I’ve always longed for a Happy Ending.
Not a Happy Meal, but you know, that end that all little girls dream about in their deepest places. The places that get pressed down, shushed and forgotten.
I’ve settled most of my life for glorious beginnings. And I’ve had quite a few.
The fact is, it’s the finishing well, these days, I long for. Am longing for but suspecting I am incapable of…ultimately.
See, I know I’m not a good finisher. I’m the girl with the pie in the sky ideas, that fall from heaven, and I run, excited down the field sharing it all. But in the end, I drop the ball. Or I get so scared I will, that I pass it once the pressure comes.
No, I’m not a good finisher.
But, God knows this…and oddly enough, it comforts me to know that He loves this wild-eyed, excitable chick right through to my child-like heart.
He loves me.
I know it, I wish I could fathom it completely, I really do. I mean it’s what I am here for. To bask in His abundant love…and then just lather it all over others.
My confidence is in Him;
Because this flesh, right here. I know it full well.
I’ve got nothin’ in me that will get me through the muck. Nothin’ at all.
But, I’ve got a God that won’t leave me in the muck.
I’m putting it all down on Him.
Because any chance at all of me finishing well, well, that’s all Him.
I’m trusting that.
I’m trusting Him.
For I am confident of this very thing, that He who began a good work in you will perfect it until the day of Christ Jesus. ~Philippians 1:6
16 thoughts on “On Finishing Well (or just trusting God)”
I love it. You’re right… He loves us. I was just discussing this with a friend tonight – His love for believers; His love for those He is chasing who He knows will believe; and also His love for those He knows reflect His image but will never believe. It’s unfathomable.
With regards to finishing well, I agree and am glad it’s not all on our shoulders! 🙂
“And I am sure of this, that he who began a good work in you will bring it to completion at the day of Jesus Christ.” Philippians 1:6
Thanks for visiting, Jamey- love your blog and share on this tonight, too!
Dawn, I could just give you a big hug right now! That’s how I feel right now – I’ve got nothing – and I’m like you – I’ve got the pie in the sky dreams – and finishing is so terribly hard. God knew that – He gave me my husband – who helps make those dreams work out – I so needed right now – these last few weeks – to remember how God sees me – and this, oh, I so needed this!
I am hugging you right back! And my hubby, is a gift too. Unless I’m mad at him…lol. JK. God is so good, and I wish I could just rest more in Hi love, peace, grace and perfection, so I just would overflow more of all that too everyone around me. I’m a WIP. Happy weekend.

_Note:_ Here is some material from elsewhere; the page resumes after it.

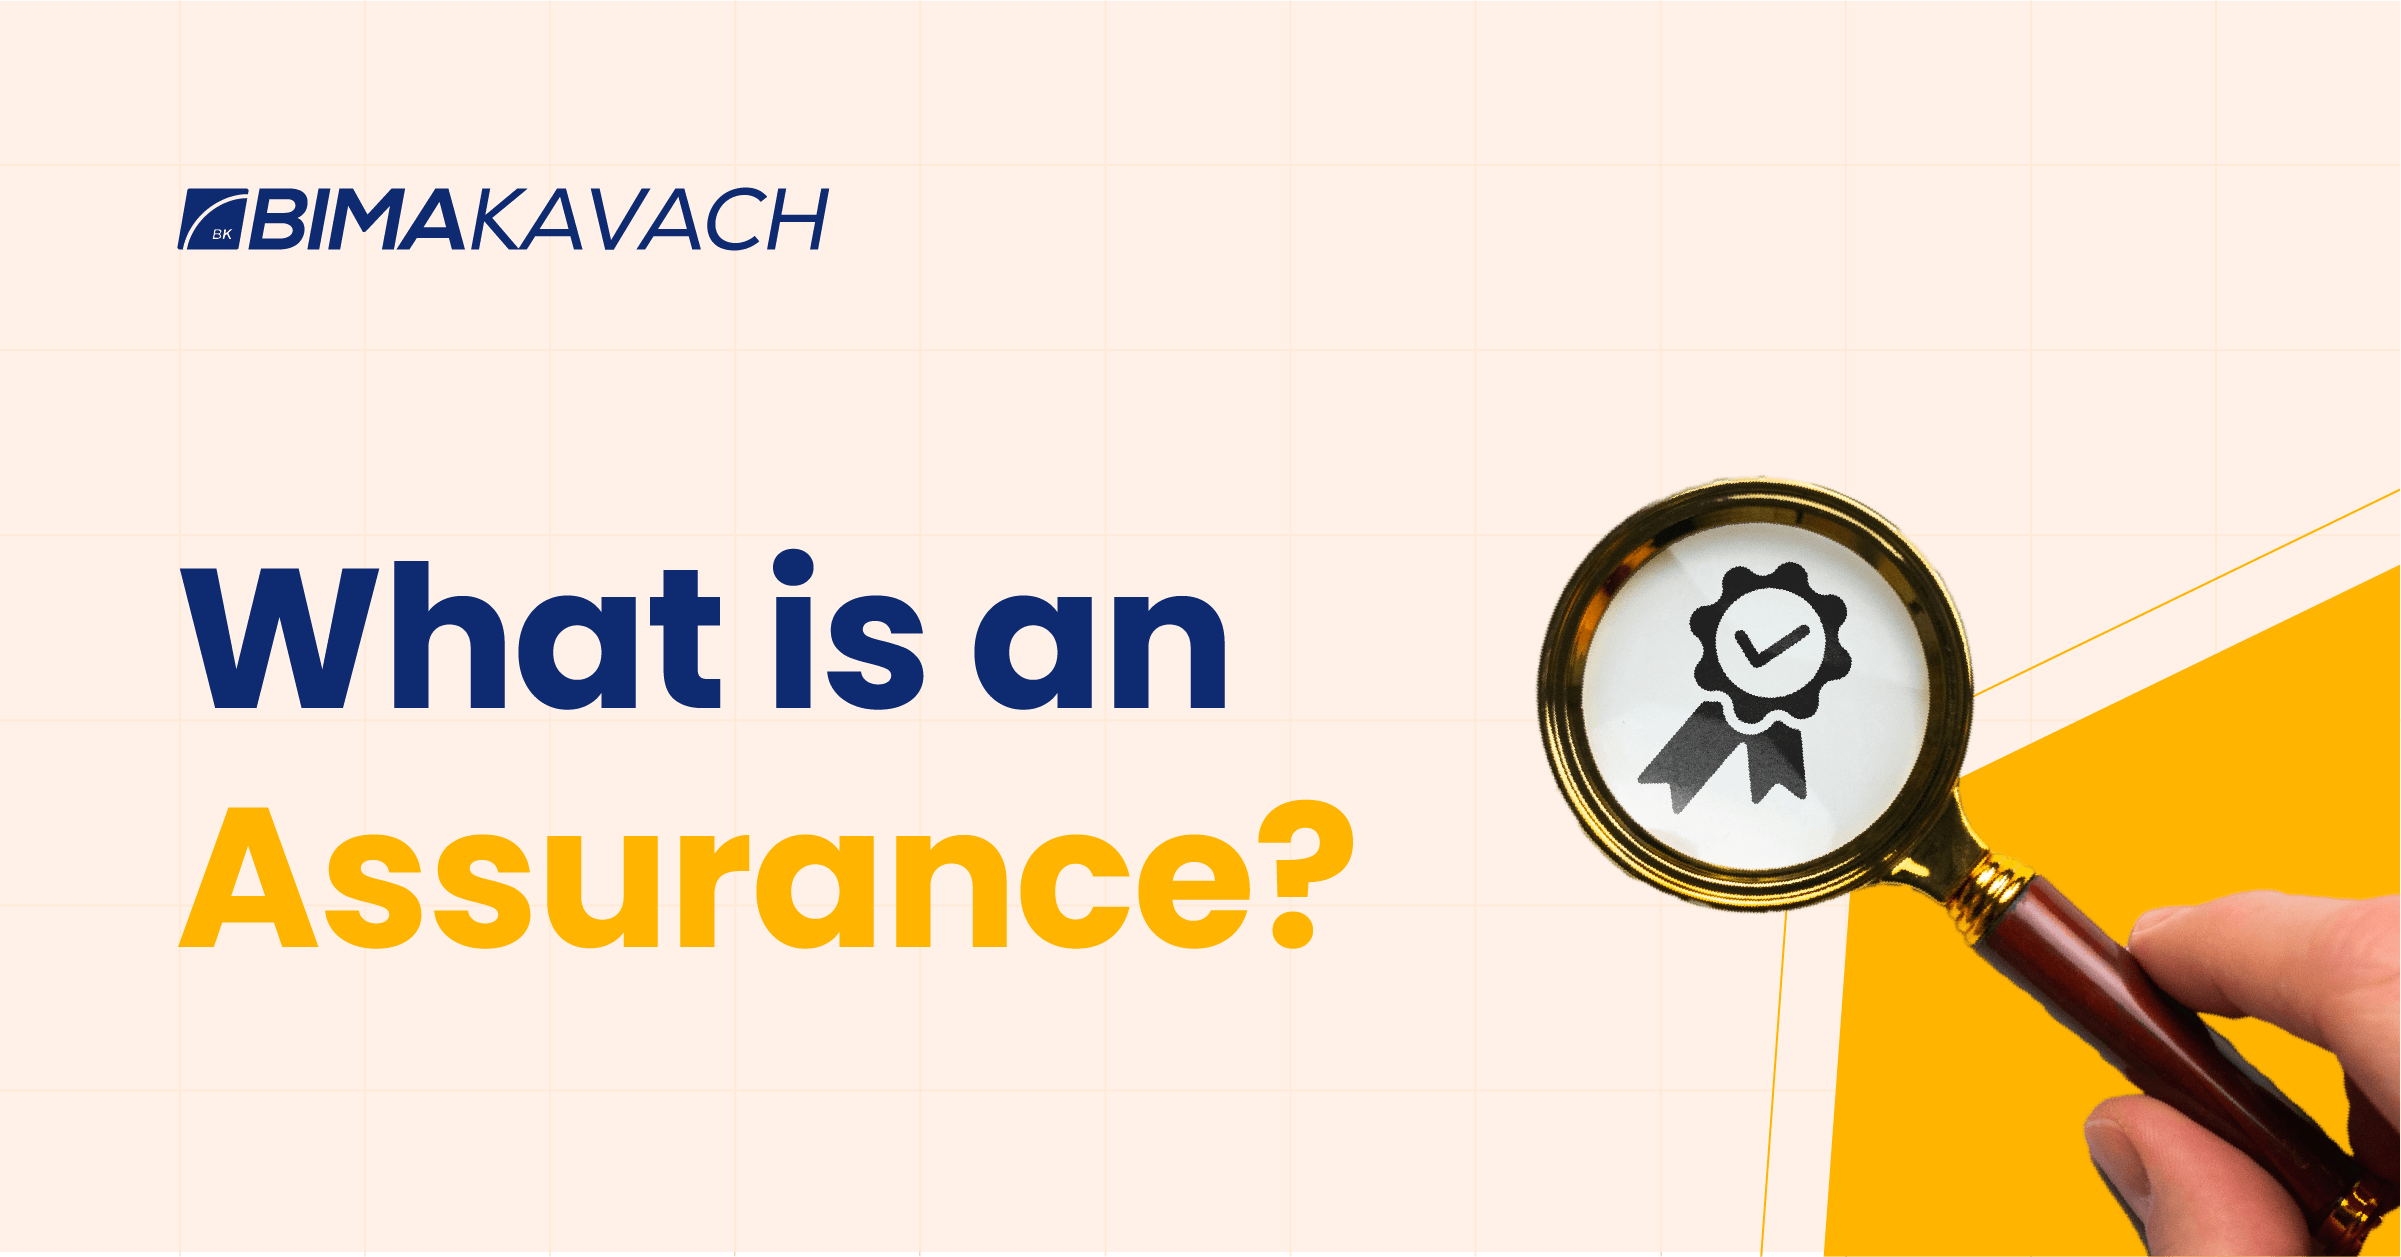 What is an assurance?

Amen! That’s the perfect verse to share… God is the one who finishes well – in us – and it is not of our own making. What amazing grace.
Amazing, YES! Thanks for the visit and comment, Ruth!
Oh man, yes! Beautiful words that spoke straight to the heart. I am so grateful He goes before us into the muck of life and brings us through.
Have a beautiful weekend, Barbie!
This is so me Dawn! Of course, it was the “just trusting God” in the title that made me read it right away 🙂 I too have glorious beginnings, which I think is why I describe myself as a “visionary”. I see big picture things, but get bogged down in details which makes it so tough to finish well. But I was just reading 1 Cor. 12-27 yesterday about the parts of the body. God surrounds me with people whose gifts compliment mine and together…together we finish well, each encouraging the other through those rough parts to keep our eyes on a “God who won’t leave me (us) in the muck.” Thanks for being part of that body who reminds me we are human, but in Him I can finish well 🙂
I agree, Tony- in Him we are already there! Have a blessed weekend.
I love that you “finish” your writings with this..”Because any chance at all of me finishing well, well, that’s all Him.
I’m trusting that.
I’m trusting Him.”
THAT is in fact what He wants us to do all the way until the finish line.
Thanks, I think often my writing starts with me and ends with Him…and that I am sure is due to His Holy Spirit! He is so faithful!
“I’ve got a God that won’t leave me in the muck.” Thank you for starting out my day with such hope, Dawn.
My pleasure, absolutely- Trudy! Thank you for visiting- have a hope-filled day.
Oh girl… from one who has battled a lack of follow through to another… I get this and here’s the secret… just do it! (Start – and finish – that canvas, my friend!) Just do it because He has called you to it and He will give you grace… Oh – and sometimes – when we think we have quit… or dropped the ball or fill-in-the-blank, it’s really that He has passed it on for someone else to work on. We move in seasons and as you said, in any of our ‘finishing well’ moments… it’s all Him! Love you girl! (Now go paint something!) ❤
Stay strong and you’ll finish like no other!